At the SOC’s most advanced level are managers and chief officers and they will be more engaged and execute this process. This group oversees all SOC team activities and is responsible for hiring and training, plus evaluating individual and overall performance. Level 4's step in during crises, and, specifically, serve as the liaison between the Security team and the rest of the organization. They are also responsible for ensuring compliance with organization, industry and government regulations.

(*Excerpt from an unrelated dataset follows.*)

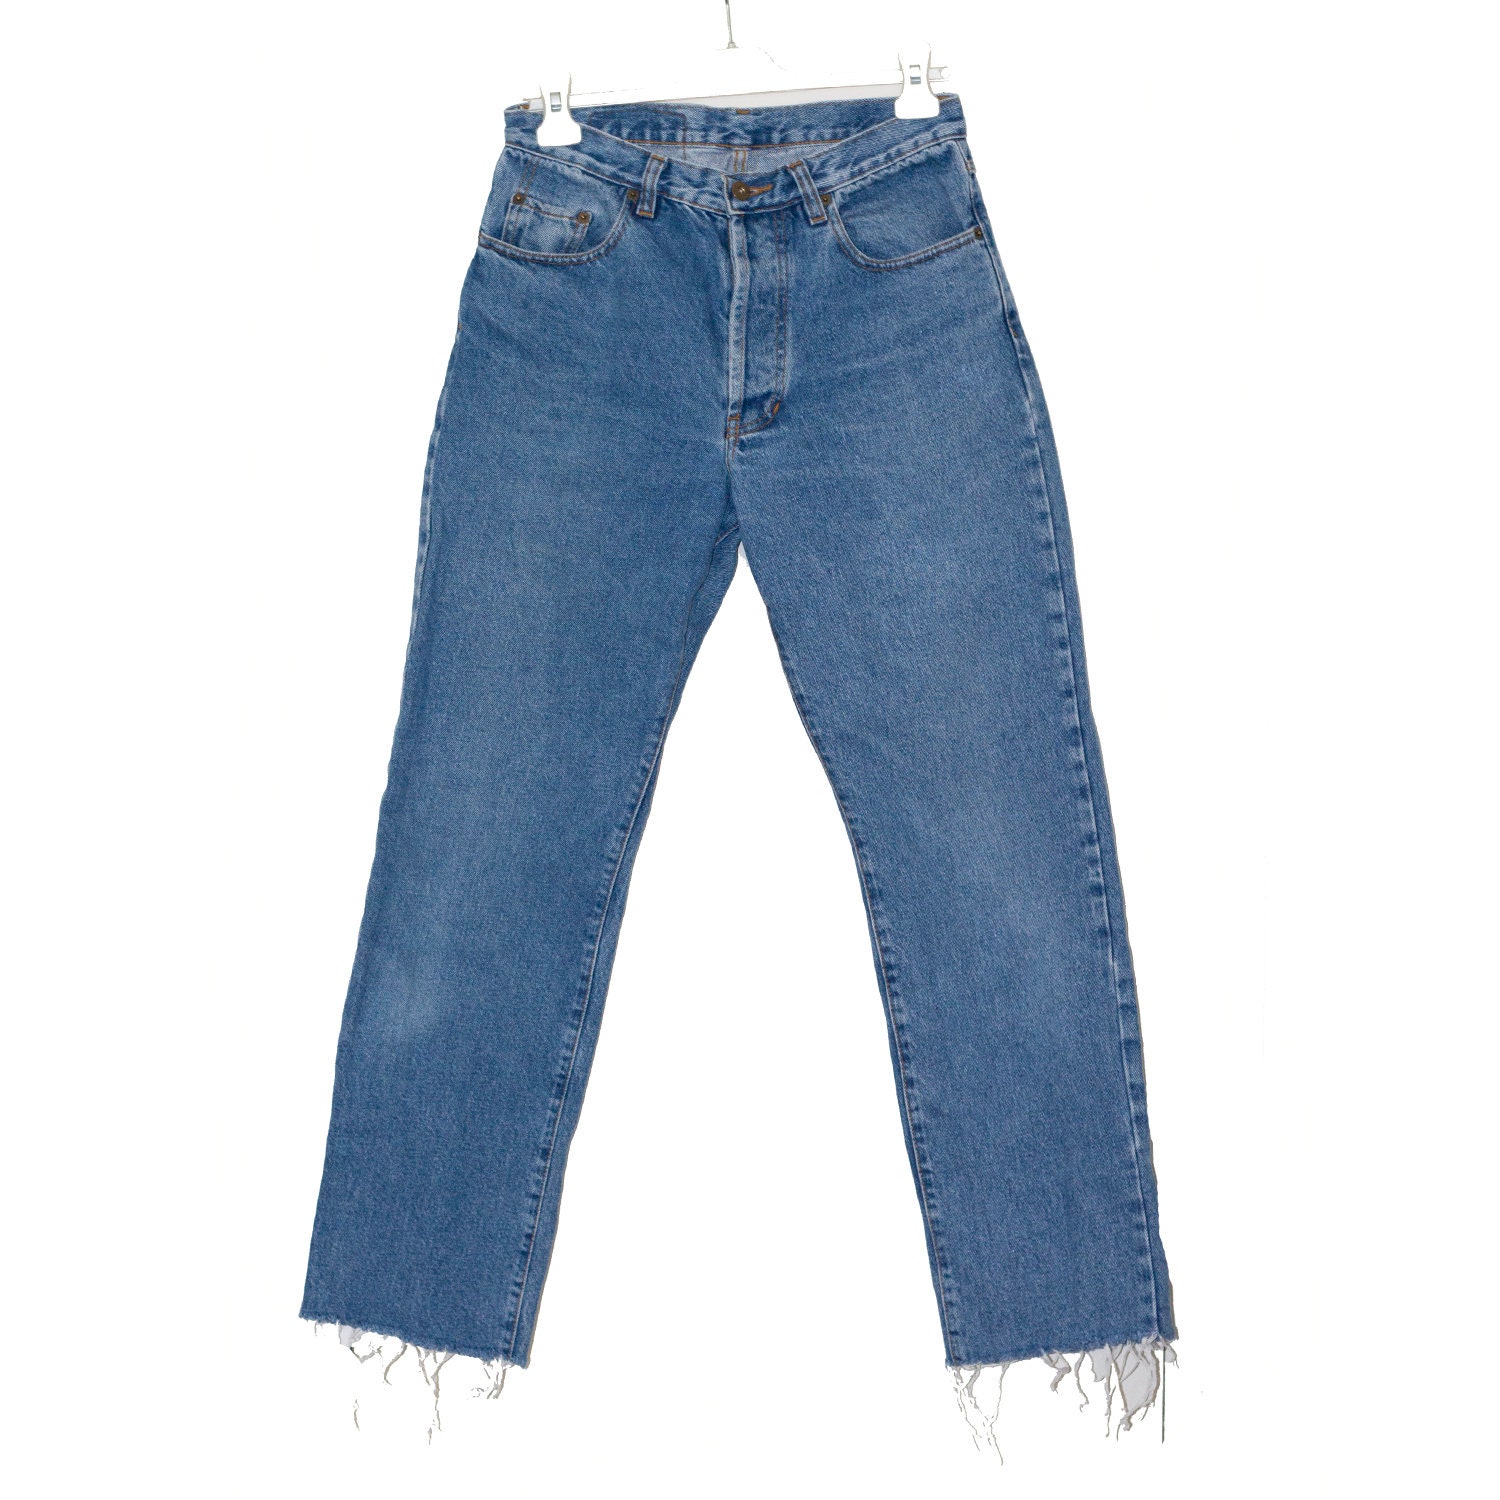 1980 vintage blue denim 80s jeans hight waist | Etsy

Level 3: Proactive security operations

The security managers are informed and specialist crew are involved and begin moving from reactive to proactive security actions. Personnel are likely expert security analysts who are actively searching for vulnerabilities within the network and hunting for threats. They will use advanced threat detection tools to diagnose weaknesses and make recommendations for overall security improvement. Within this group, you might also find specialists, such as forensic investigators, compliance auditors or cybersecurity analysts. They will decide to escalate Level 4.

Level 2: Cyber Incident Remediation

These personnel can quickly get to the root of the problem and assess which part of your infrastructure is an issue or at risk. They will follow a well defined playbook process and makes decision to remediate the problem based on knowledge of the issue and environments. They will flag certain issues for additional investigation outside of the incident response protocol and when to escalate to Level 3.

Level 1: First responders

The first line of incident responders are group of security analysts who will be eyes on glass 24x7 and watch for alerts. They are primarily tasked to look at the urgency of an alert, can it be solved within their confines which is automated playbook / orchestration or follow up on established playbooks. Based on the above they play a role to escalate to Level 2. They are also responsible to run statistics and SOC reports for review. Behavioral analytics and AI based beta models are adopted for advanced needs to act as L1.